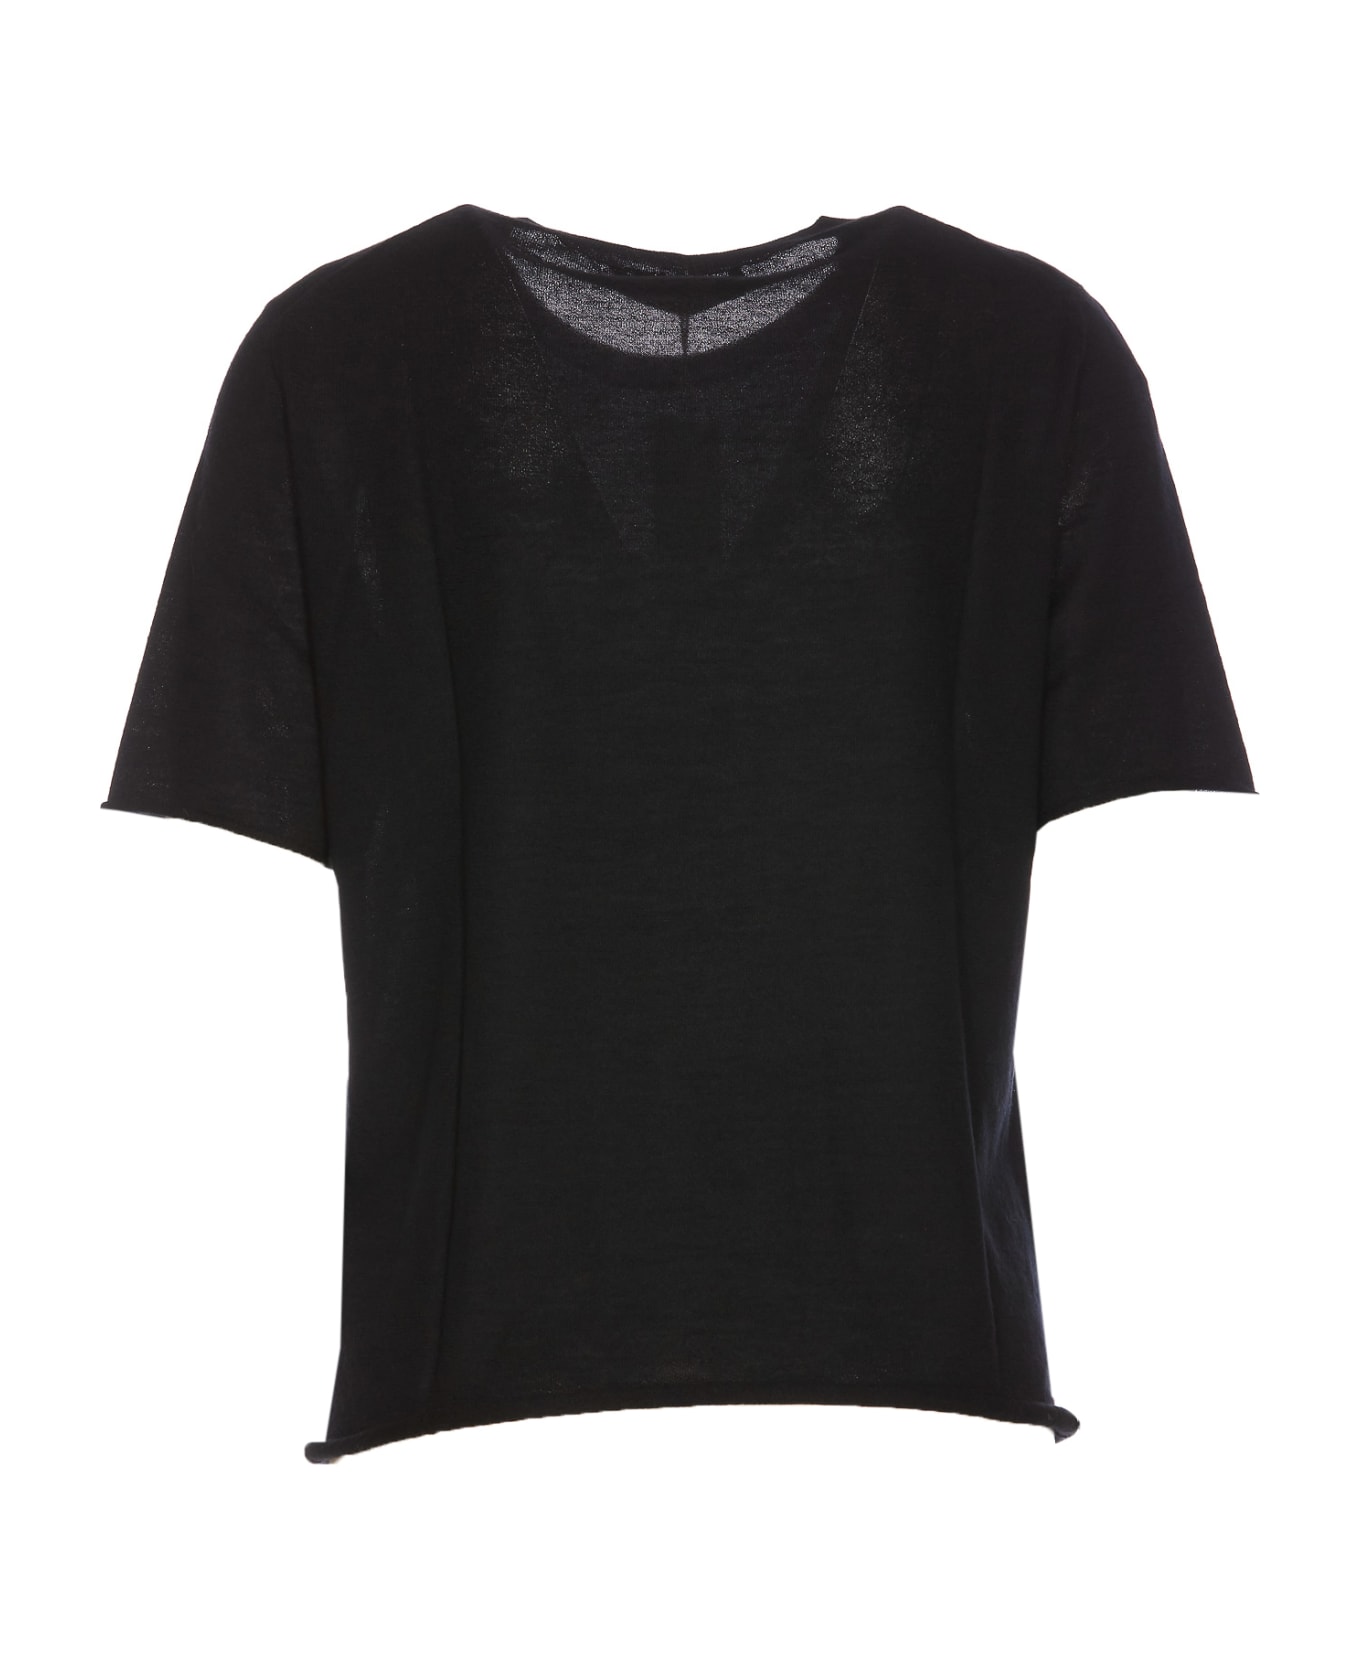 Lisa Yang Ari T-shirt - Black Tシャツ
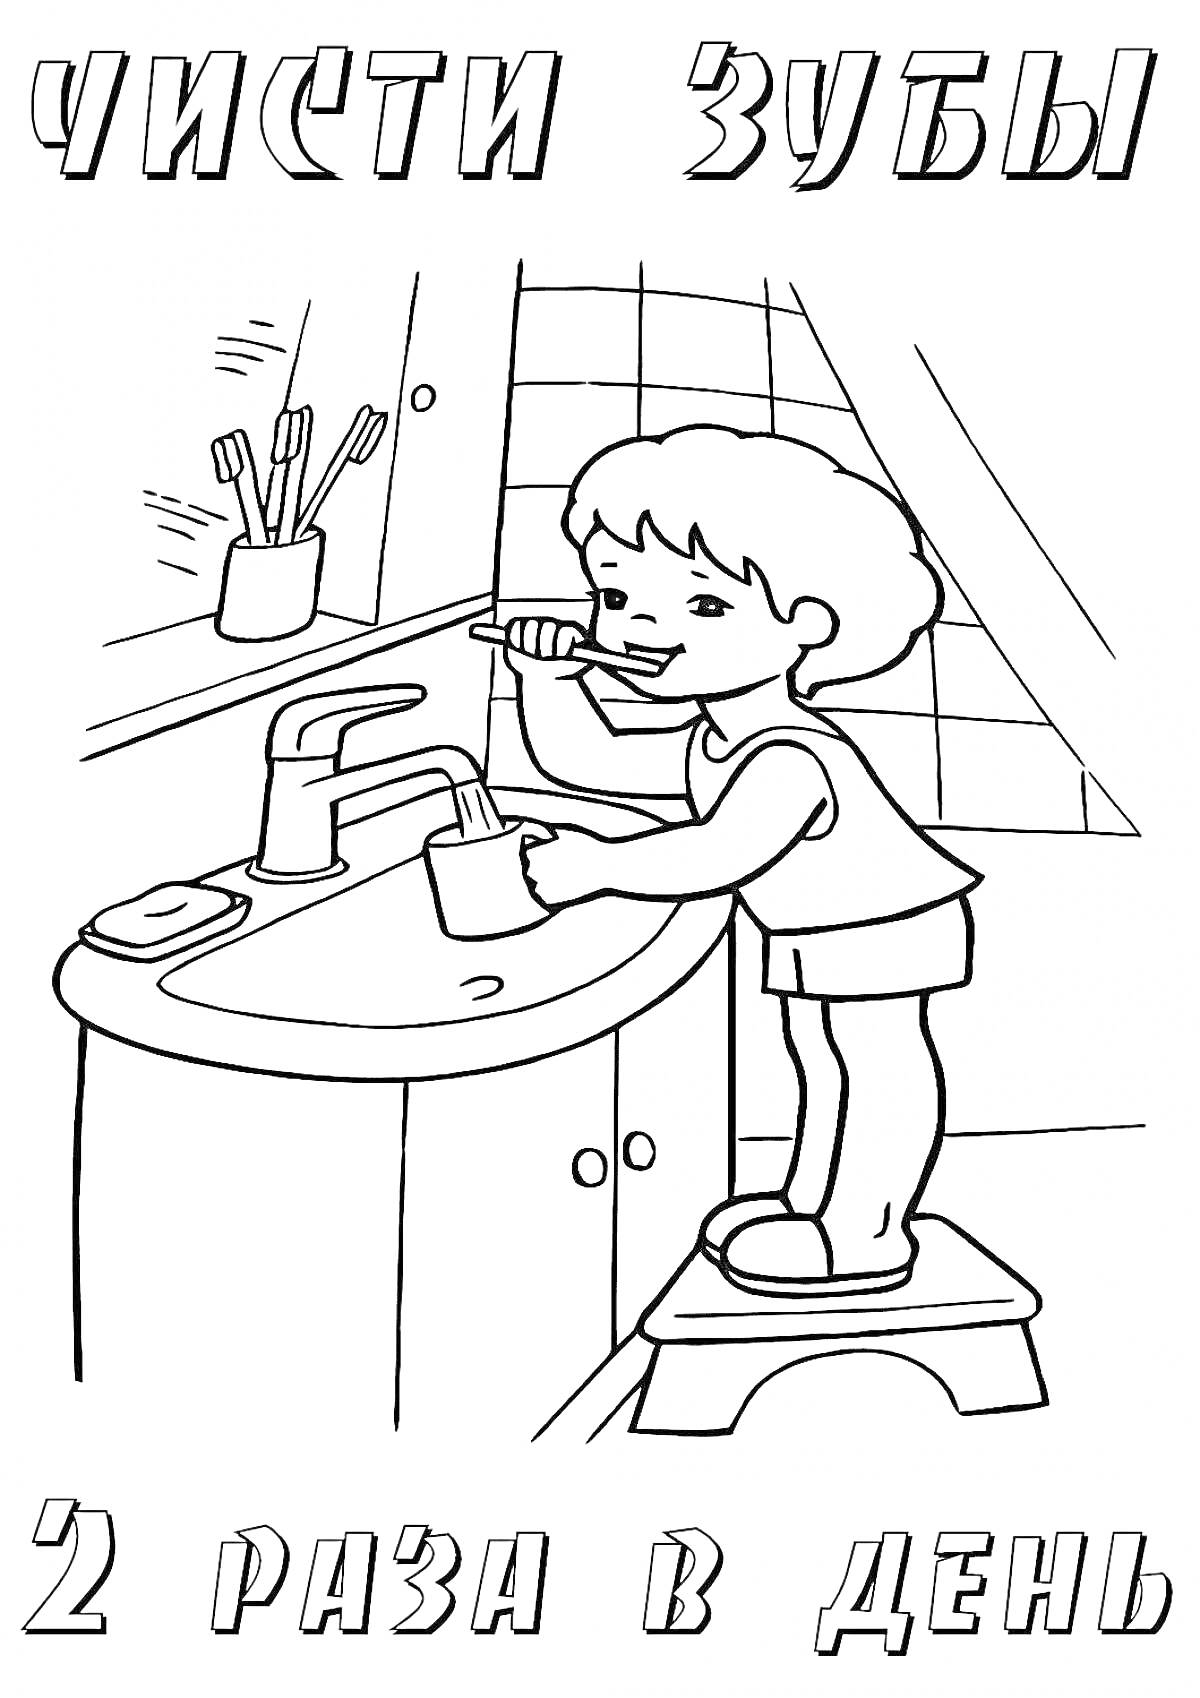 Раскраска Мальчик чистит зубы в ванной комнате, стоя на табуретке; рядом раковина с краном, стакан с зубными щетками и мыльница; на заднем плане плитка.
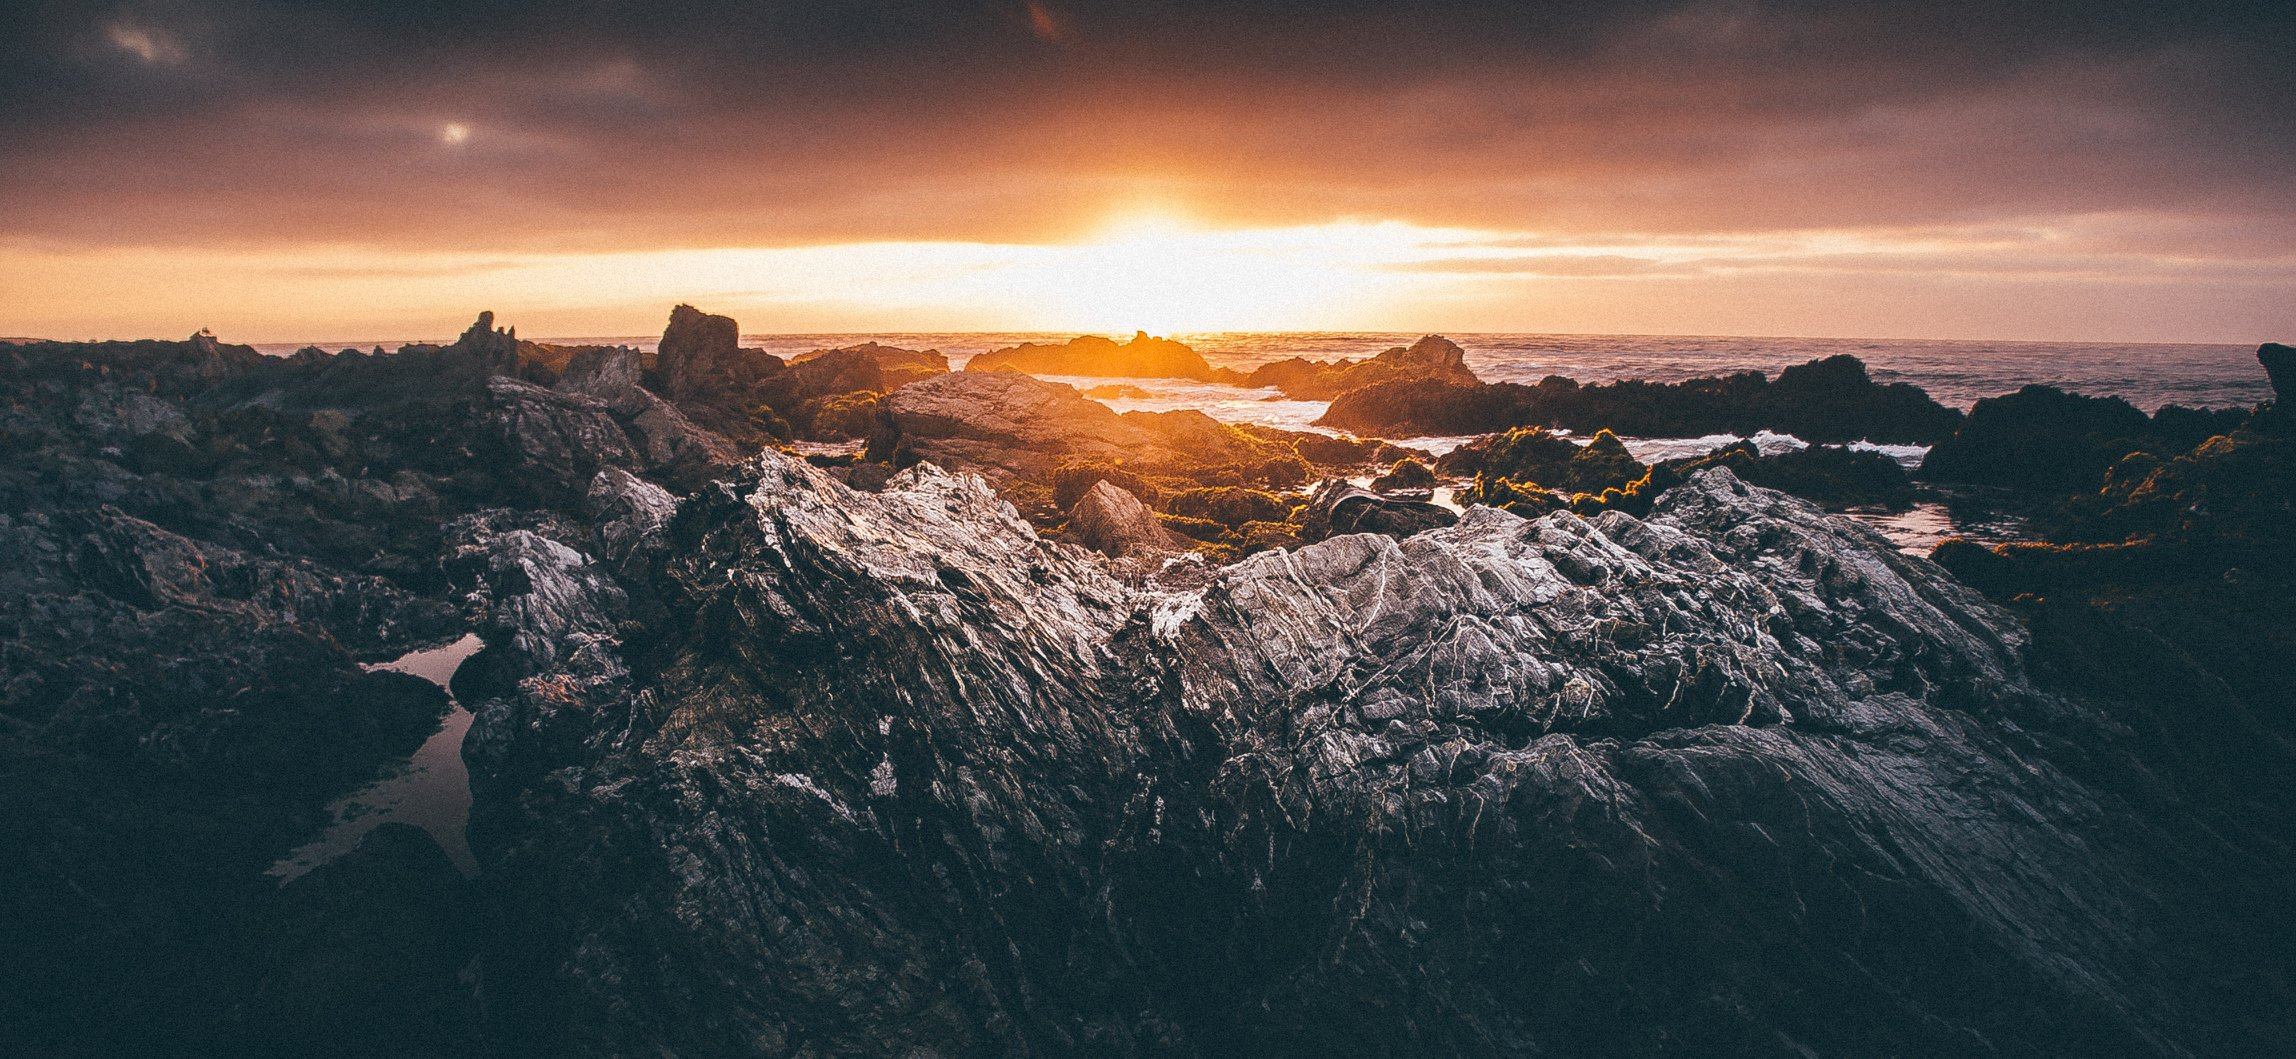 Фото Каменистый берег моря на фоне заката, by Wladimir Jara Salazar

▸ **Problem details**
Return only the lines from the start of the data through the line that contains "Раскраска Мальчик чистит", please, copying them exactly and omitting all pictures.

▸ **Response area**
 Lisa Yang Ari T-shirt - Black Tシャツ
 Раскраска Мальчик чистит зубы в ванной комнате, стоя на табуретке; рядом раковина с краном, стакан с зубными щетками и мыльница; на заднем плане плитка.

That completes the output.